Compère général Soleil : le tiraillement d’un apprenti communiste

Quel remède au grand goût ? Aux milles pincements qui assaillent l’estomac d’un nègre dans la nuit noire de Port-au-Prince ? Que doit-il faire quand de l’autre côté de la ville, ça ronfle le ventre lourd alors que lui se retourne sans cesse pour berner la faim ? Combien de temps les voix de la conscience, de l’honneur tiendront-elles ? Eh bien, voici Hilarion dans les rues, dans la nuit, à la recherche de la vie : « Gens de bien, gens comme il faut, bons chrétiens qui mangez cinq fois par jour, fermez vos portes : il y a un homme qui a grand goût, fermez-vous dis-je, mettez le cadenas, un homme qui a grand goût, une bête est dehors ! » (C.G.S, P 13).

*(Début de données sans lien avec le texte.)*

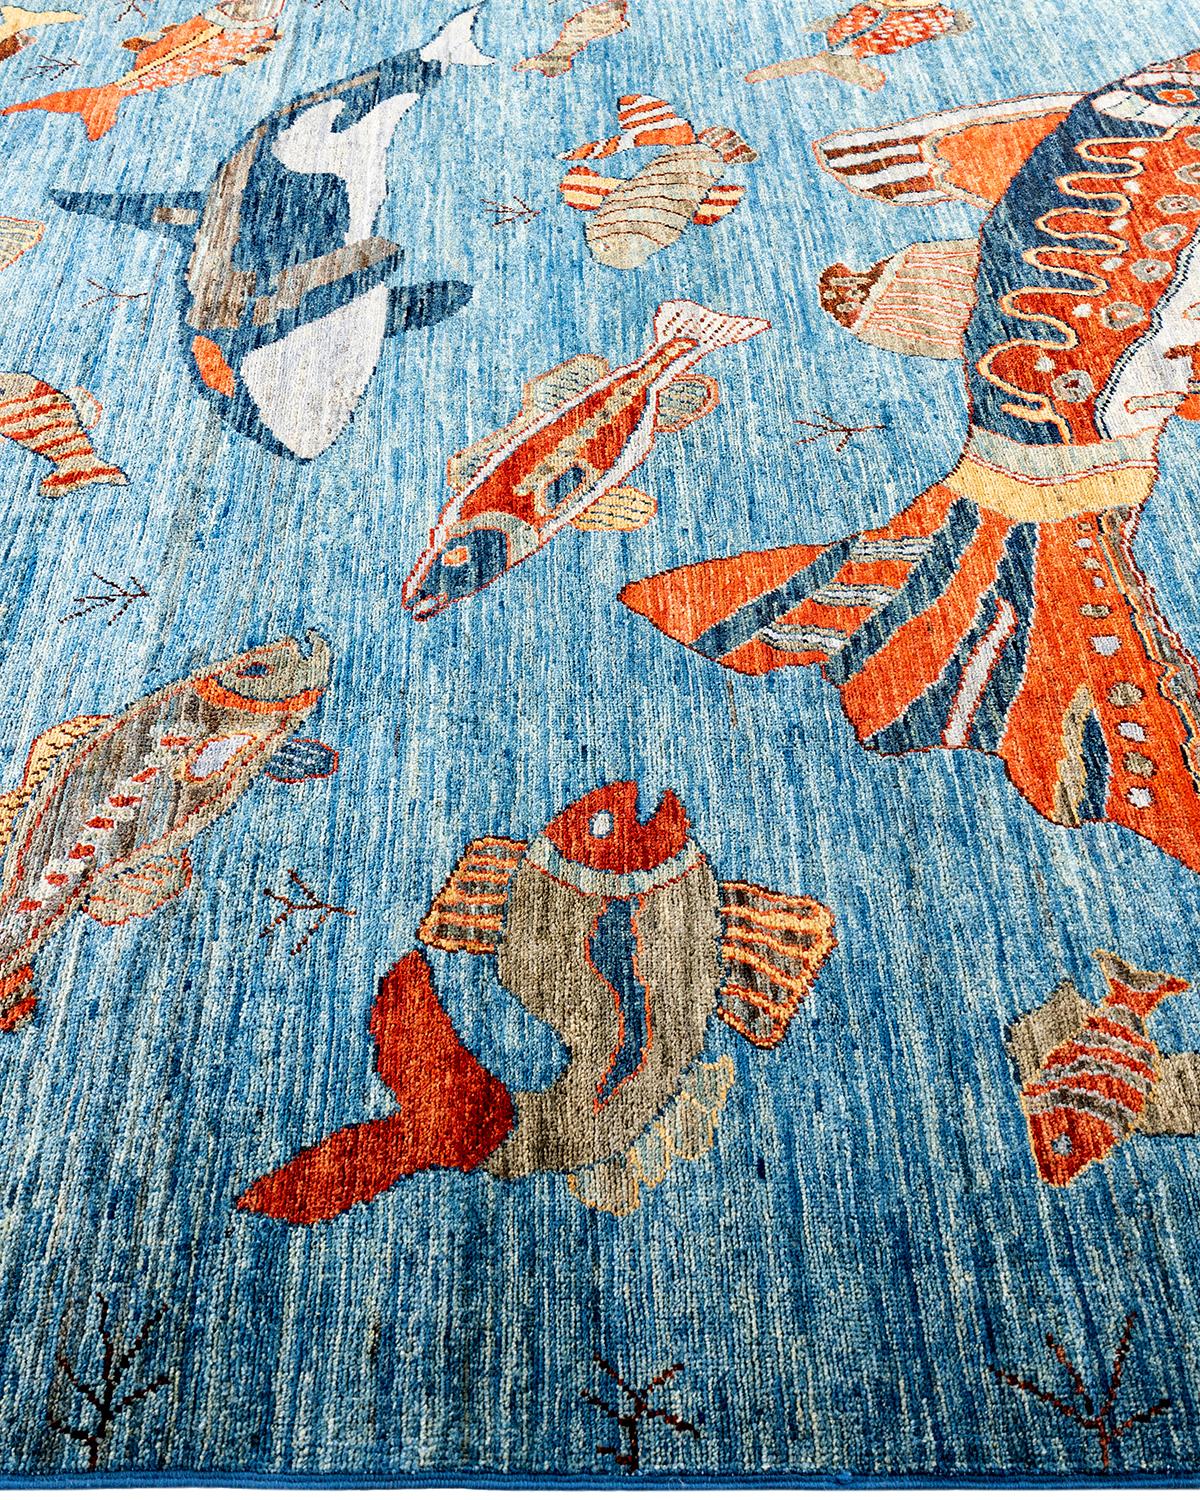  Traditional Serapi Hand Knotted Wool Light Blue Area Rug In New Condition For Sale In Norwalk, CT

Nous voilà chez Jacques Stephen Alexis, célèbre intellectuel haïtien incontournable même plus de 50 ans après sa mort, grâce à sa grande implication dans la politique de son pays, mais aussi à son œuvre écrite très riche : Les arbres musiciens, Romancero aux étoiles, l’Espace d’un cillement…, notamment son premier roman intitulé Compère général Soleil, considéré comme un chef-d’œuvre. Publiée en 1955 aux éditions Gallimard, l’œuvre a été rééditée plusieurs fois depuis. La toute récente édition sur laquelle s’appuie notre lecture, est de C3 Éditions, contenant 250 pages, se divisant en un prologue suivi de 4 parties, portant l’histoire d’une perpétuelle hésitation, des doutes d’un homme apprenti communiste.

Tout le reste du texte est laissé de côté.